*Dataset content*.

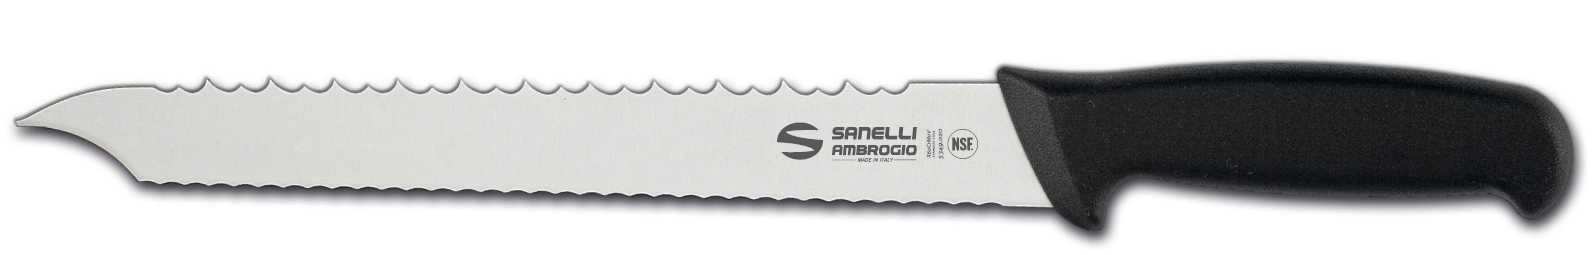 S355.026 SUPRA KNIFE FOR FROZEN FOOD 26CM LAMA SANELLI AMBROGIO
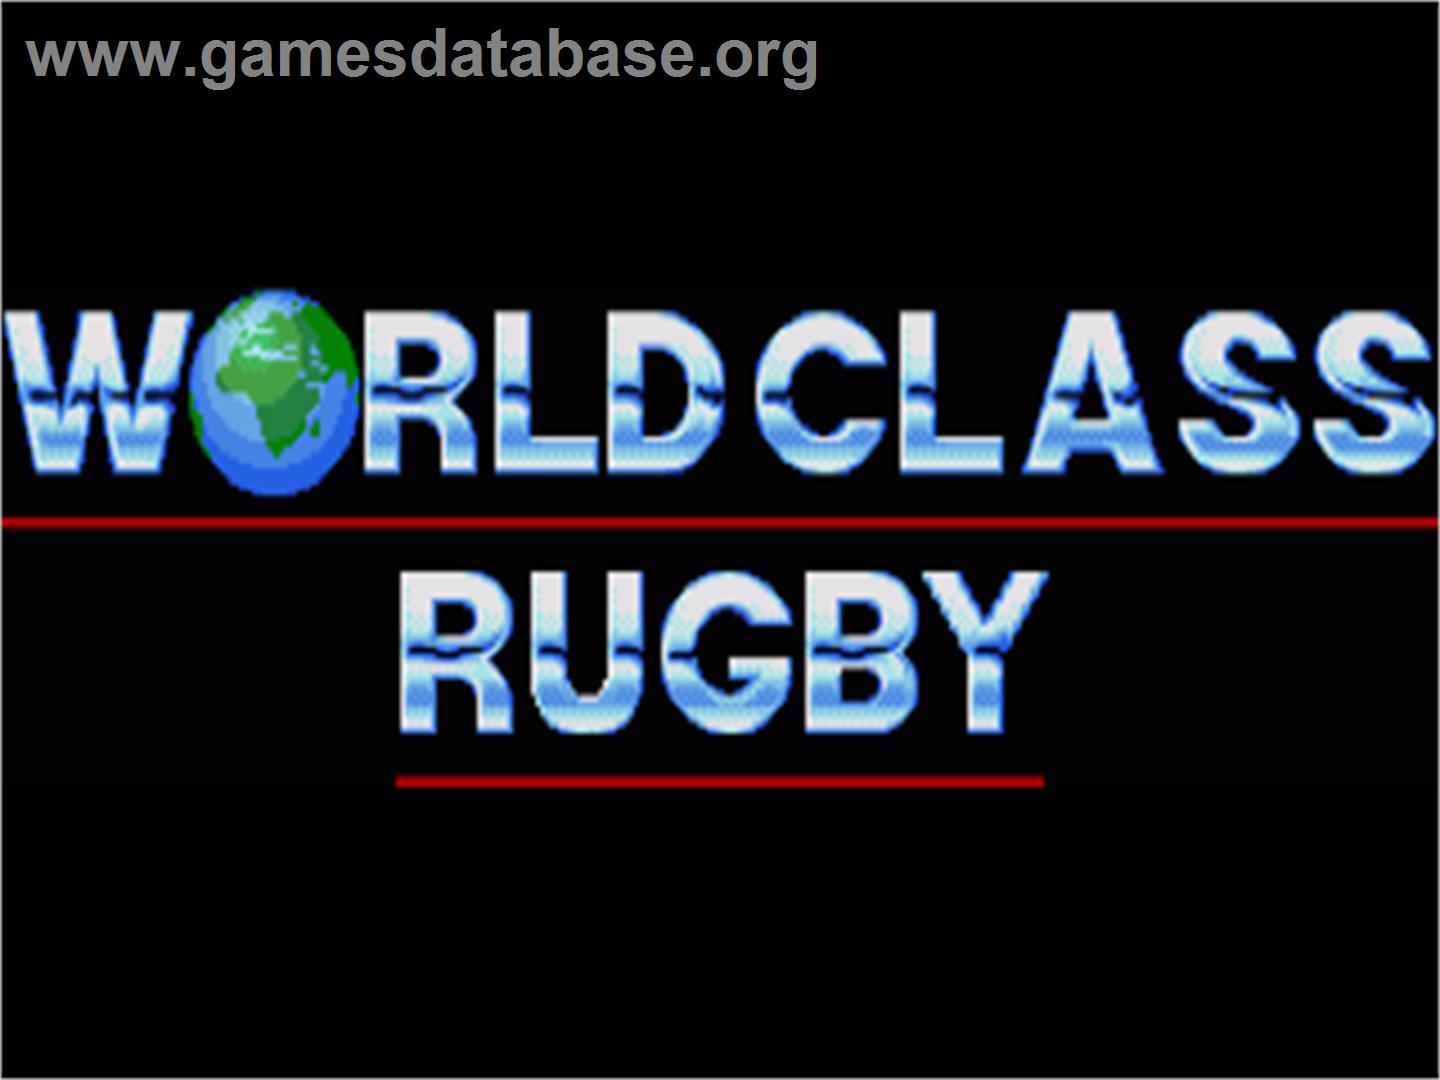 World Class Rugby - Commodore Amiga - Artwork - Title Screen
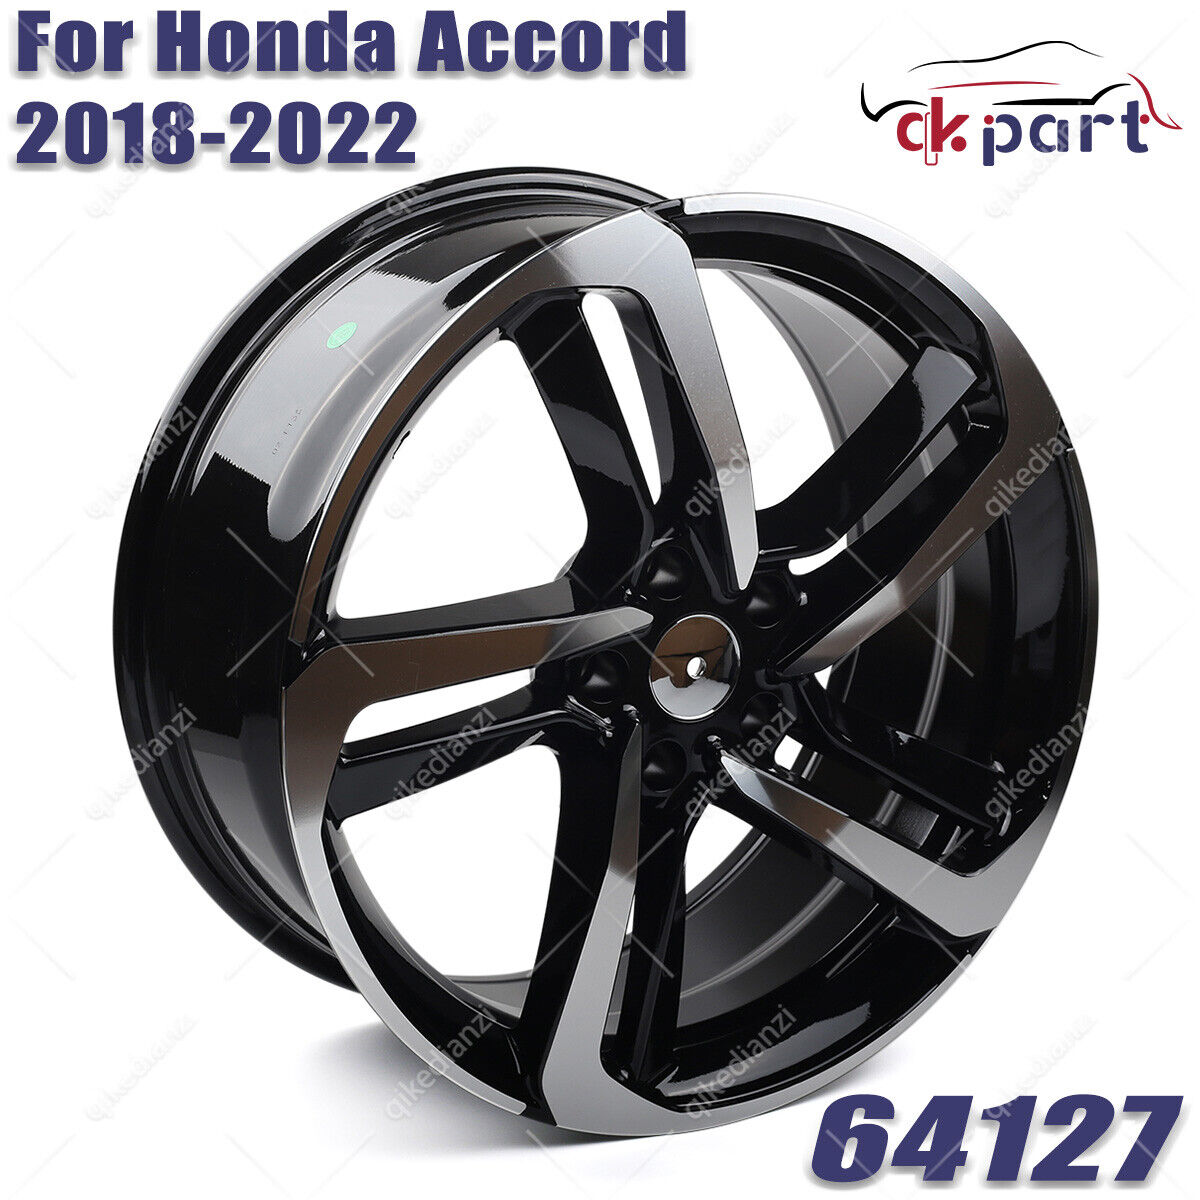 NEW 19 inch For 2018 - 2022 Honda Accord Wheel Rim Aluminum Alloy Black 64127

*Required work*. Output the listing exactly, pictures excluded.

*Worked solution*.
 S355.026 SUPRA KNIFE FOR FROZEN FOOD 26CM LAMA SANELLI AMBROGIO
 World Class Rugby - Commodore Amiga - Artwork - Title Screen
 NEW 19 inch For 2018 - 2022 Honda Accord Wheel Rim Aluminum Alloy Black 64127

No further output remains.